當下劉貼目在前引路,三人直奔府衙大牢。武植低聲問朱武:“朱大哥認為此人辦事牢靠?”朱武號稱神機軍師,武植本來對之有幾分敬意,第一次見麵時對朱武的觀感也不錯,現在見朱武找劉貼目這種滿嘴胡話的人物辦事,不免微覺失望,莫非真是聞名不如見麵?
朱武微微一笑,悄聲道:“劉貼目自然是誇誇其談之輩,不過他乃是都頭蔡福妻舅,聽聞蔡福在大名府牢房說一不二,咱走不通蔡福的門路,也隻有退而求其次了。”
武植這才恍然,原來是這麼碼事。
大牢前差官見到劉貼目,果然是各個熱情,隻簡單問了朱武和武植幾句就把幾人放了進去,武植心中隻是冷笑,想不到在一名小小的貼目麵前,大名府大牢卻是形同虛設。
三人進了大牢,問起巡值公差,蔡福卻是不在,劉貼目拉牢房節級過去嘀咕了幾句,似乎塞給節級了一些銀錢,節級笑著走開。

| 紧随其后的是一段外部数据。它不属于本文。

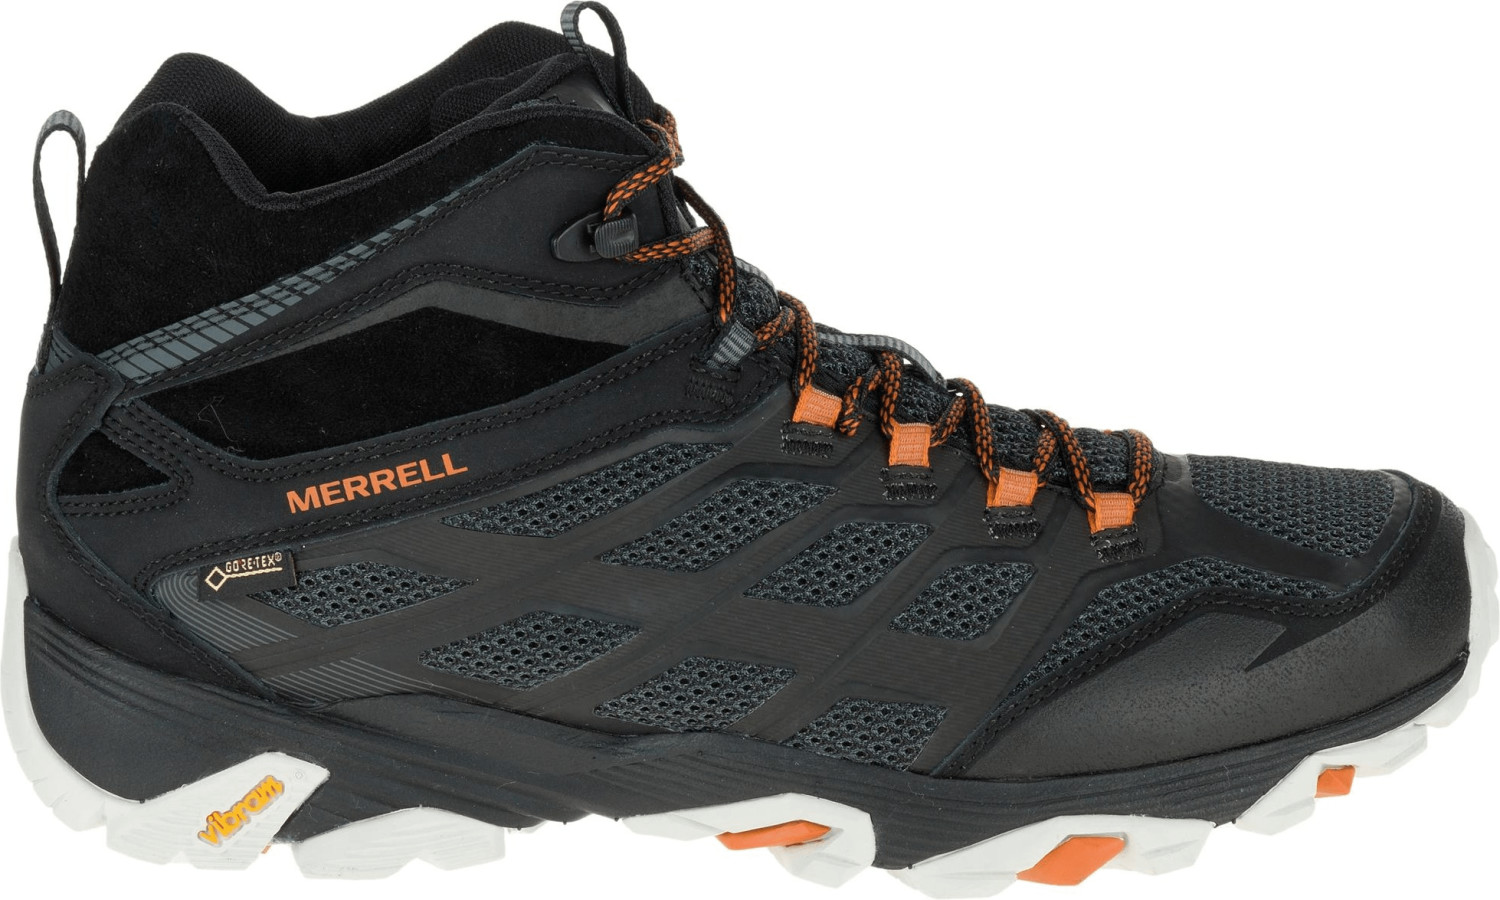 Merrell Moab FST Mid GTX black/orange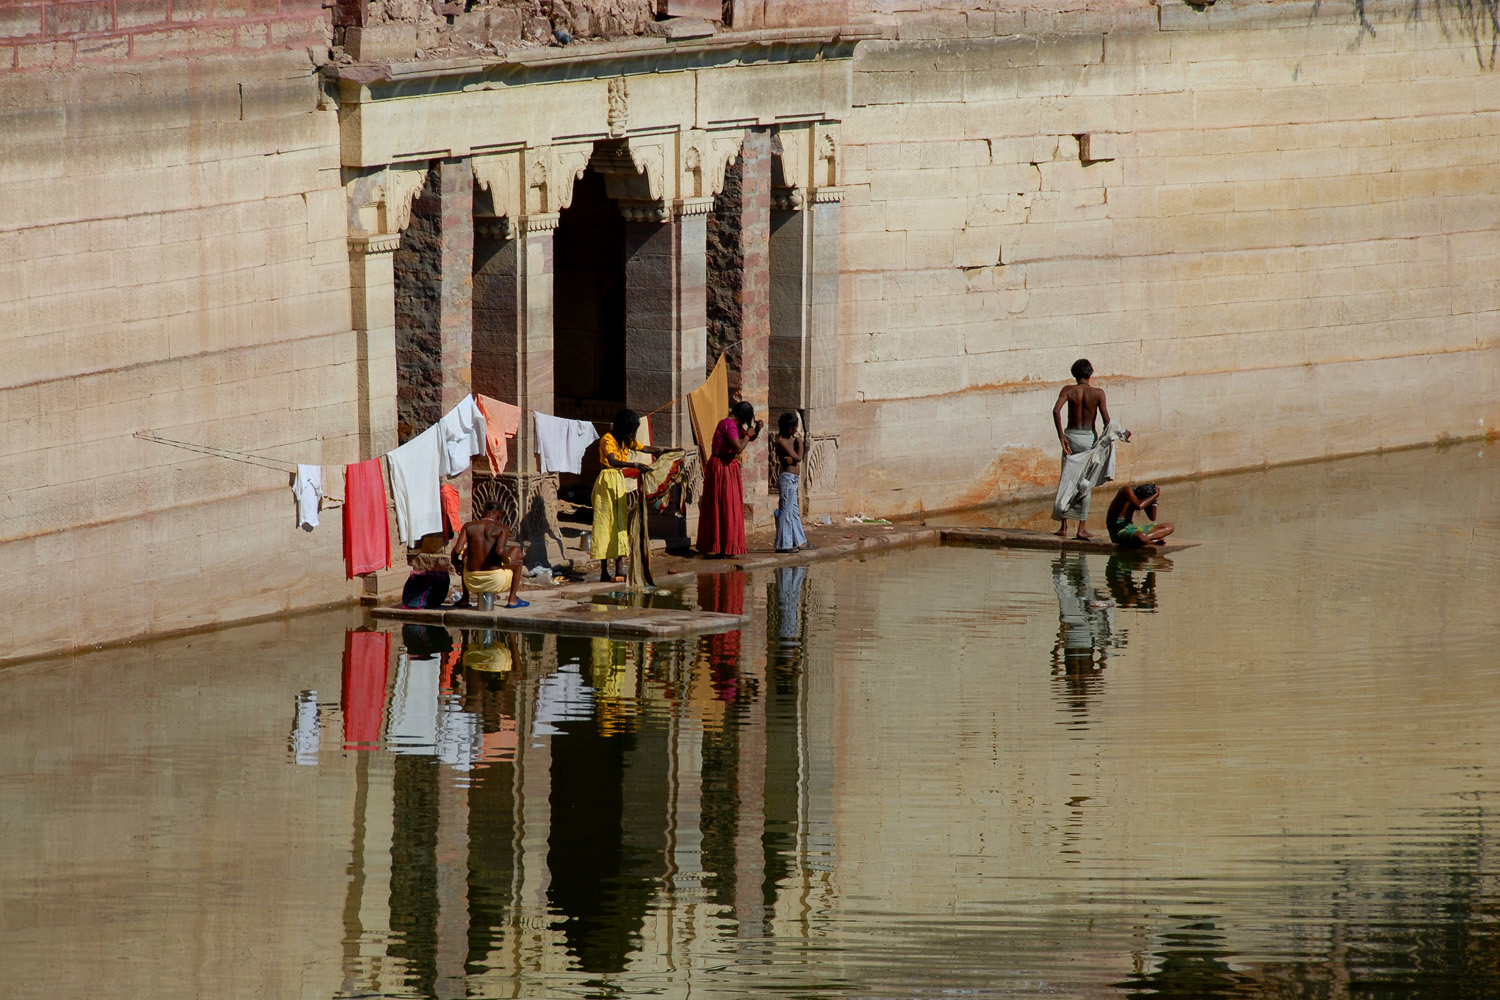 bill-hocker-gateway-gulab-sagar-jodhpur-india-2006

劉貼目回頭得意一笑:“怎麼樣,早和老弟說了,大名府大牢就是咱家開的!”
朱武笑道:“大人果然威風。”
武植卻是對劉貼目一笑,“貼目此話果然不假!”
劉貼目當然不知道武植話裏的意思,以為他在奉承,雖然得意,但聽他叫自己貼目,不由狠狠瞪了武植一眼。
當下朱武一間牢房一間牢房的尋了起來,不過孔明兄弟被關入密牢,這裏又豈會找到,朱武不死心,接連尋了三遍,每間牢房都要喊上幾聲,終於還是沒有孔家兄弟蹤影,朱武這才頹然的停下腳步,歎氣道:“怎會沒有?聽下人報信卻是被公差拿走的!”
劉貼目奇道:“既是本府公差拿來就該在牢裏才對,是不是有人假冒公差?”
朱武搖頭:“決計不會!”
劉貼目大感沒麵子,召來節級問道:“節級大哥,犯人都在此處?”
節級點頭道:“當然都在此處!”另有密牢之事自不敢泄露,就是蔡福也不敢告訴他這妻舅啊。
劉貼目不死心:“節級莫要騙我!”
節級連連搖頭:“怎會騙劉大哥。”
劉貼目默然半晌道:“蔡大哥呢?我同蔡大哥講!”
節級麵有難色,“這……”
劉貼目見他支吾,情知有內情,當下追問不休,節級被他煩的沒辦法,無奈道:“那好,你在這裏等!我去喚蔡都頭出來。”蔡福此時正在密室。
等節級離去,劉貼目對朱武笑道:“朱大哥莫要垂頭喪氣,有蔡大哥作主,保證找到咱家兄弟。”
朱武勉強笑笑,心中卻是狐疑,到底是怎麼回事?
不大功夫,蔡福跟在節級身後走了過來,遠遠看到劉貼目,馬上皺起眉頭:“劉浪,你又跑來作甚?”小舅子每日就會給他惹麻煩,蔡福也不知道罵過劉貼目幾次,他卻從不知悔改。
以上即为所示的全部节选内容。